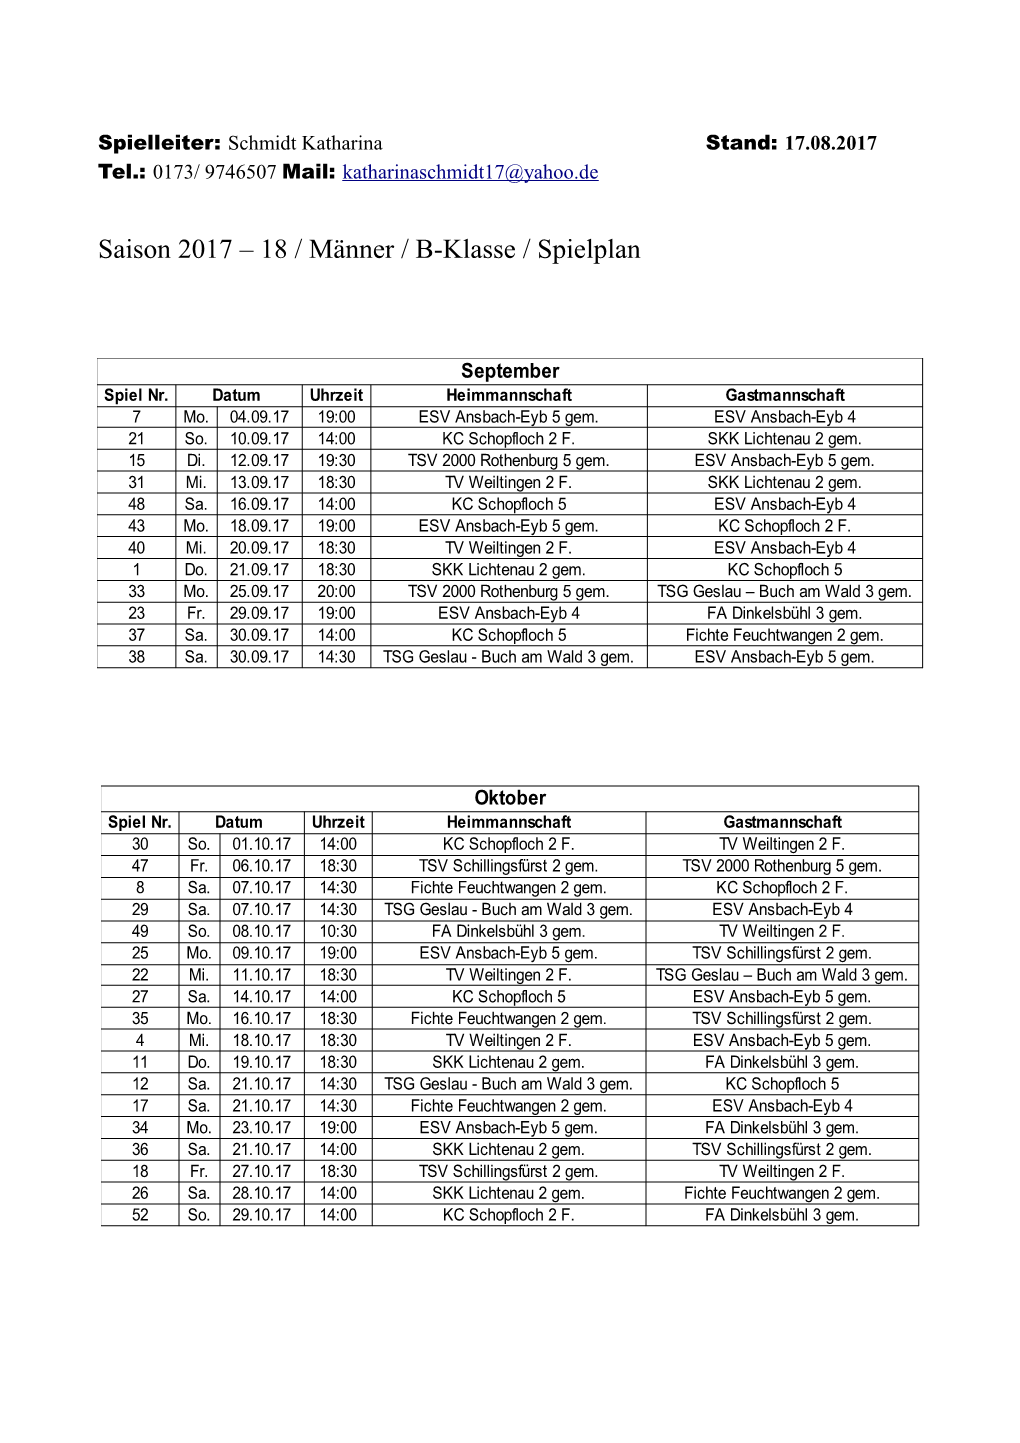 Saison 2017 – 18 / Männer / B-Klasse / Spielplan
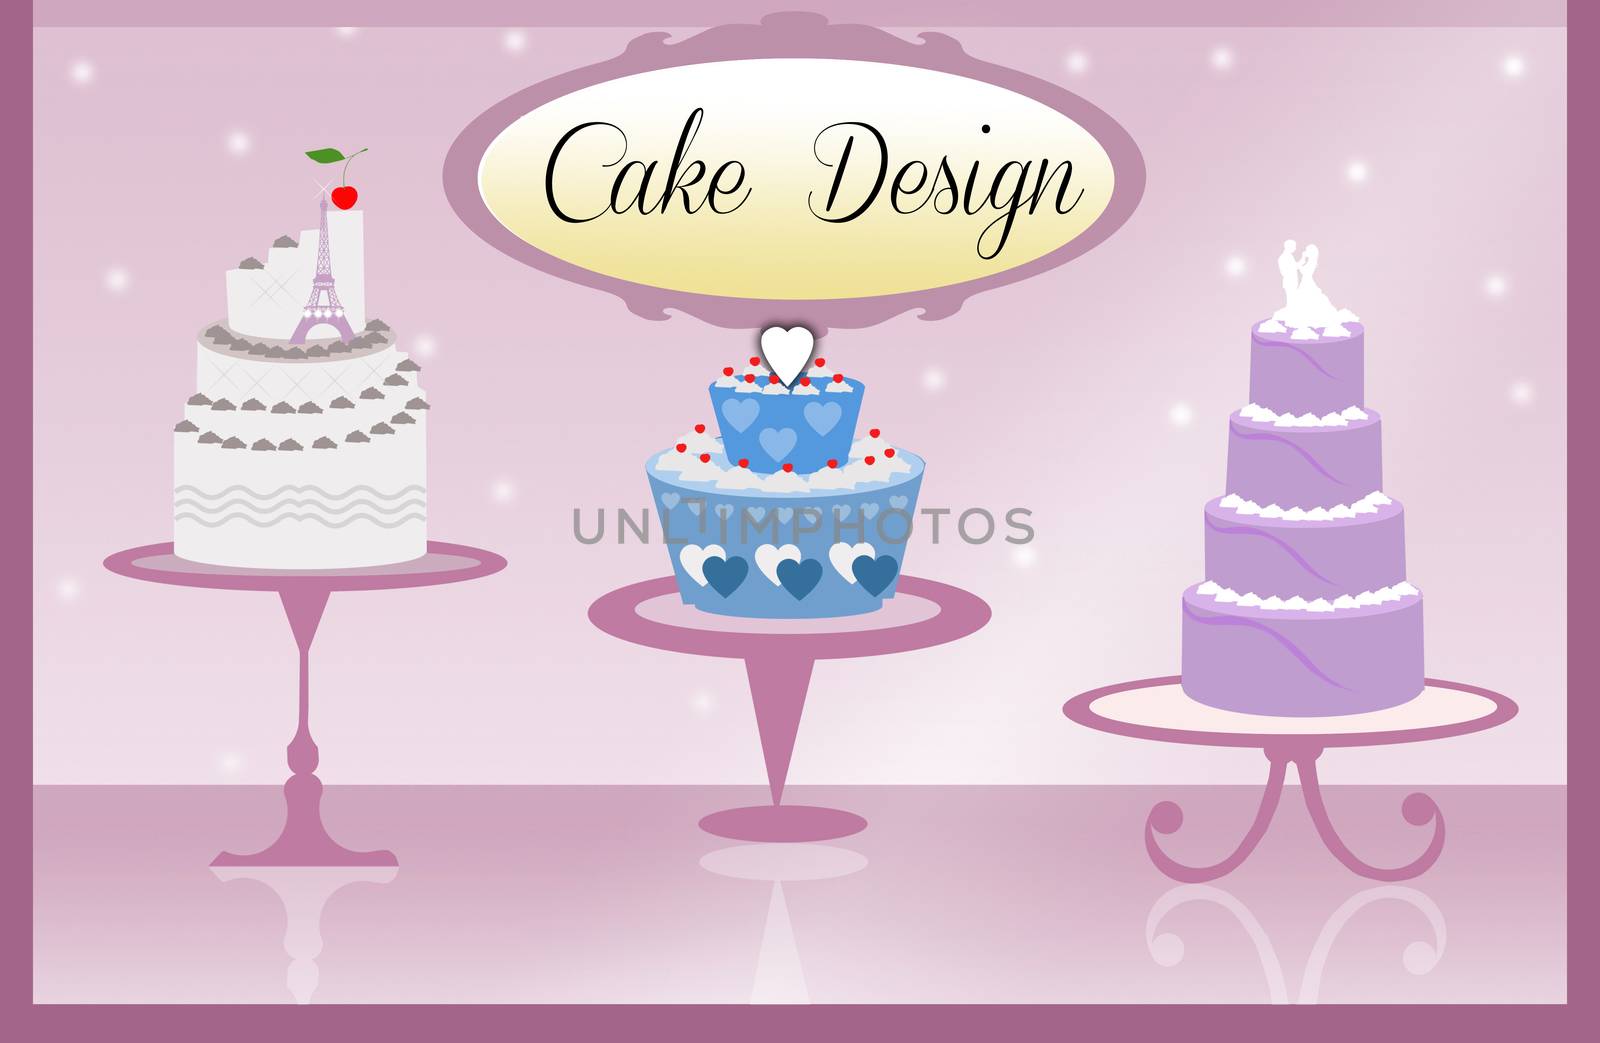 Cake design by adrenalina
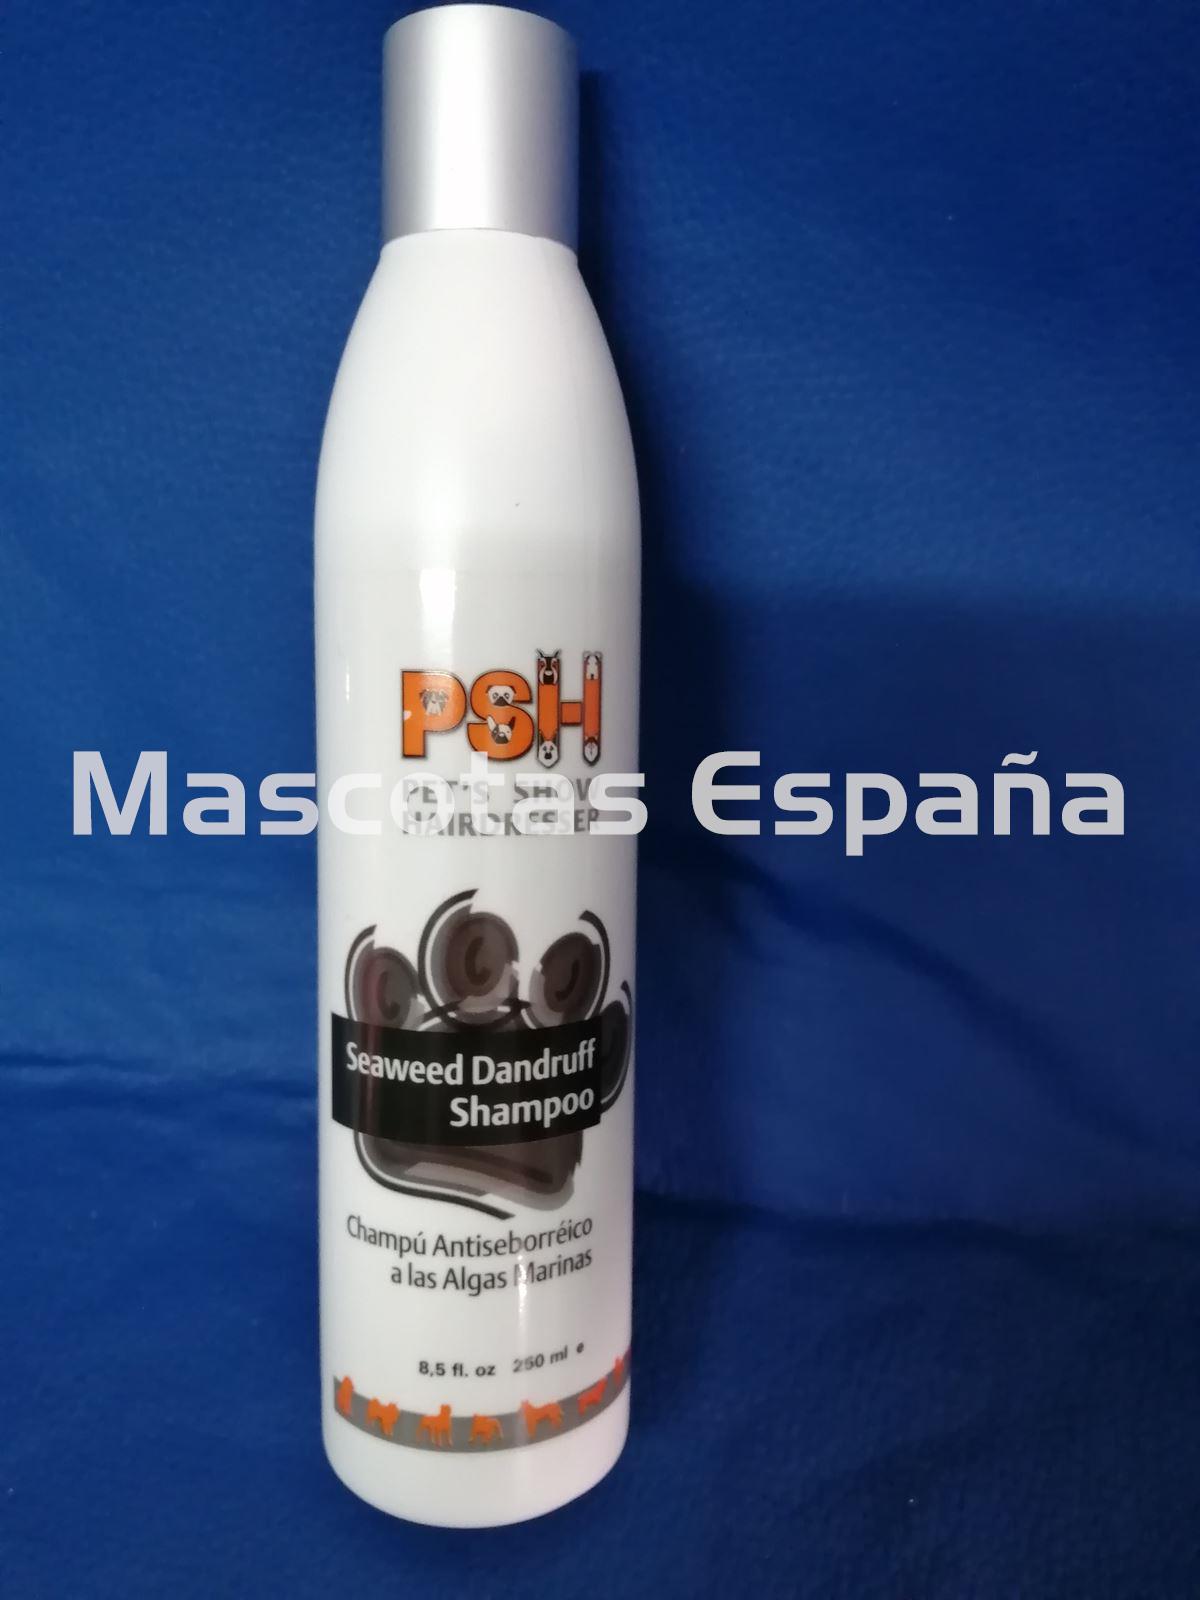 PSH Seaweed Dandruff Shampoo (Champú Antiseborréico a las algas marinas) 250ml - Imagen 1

- _Task item_:
Only text belongs in the copy: repeat each line of the data exactly and leave out the pictures.

- _Expected answer_:
 Saison 2017 – 18 / Männer / B-Klasse / Spielplan
 Cake design by adrenalina
 PSH Seaweed Dandruff Shampoo (Champú Antiseborréico a las algas marinas) 250ml - Imagen 1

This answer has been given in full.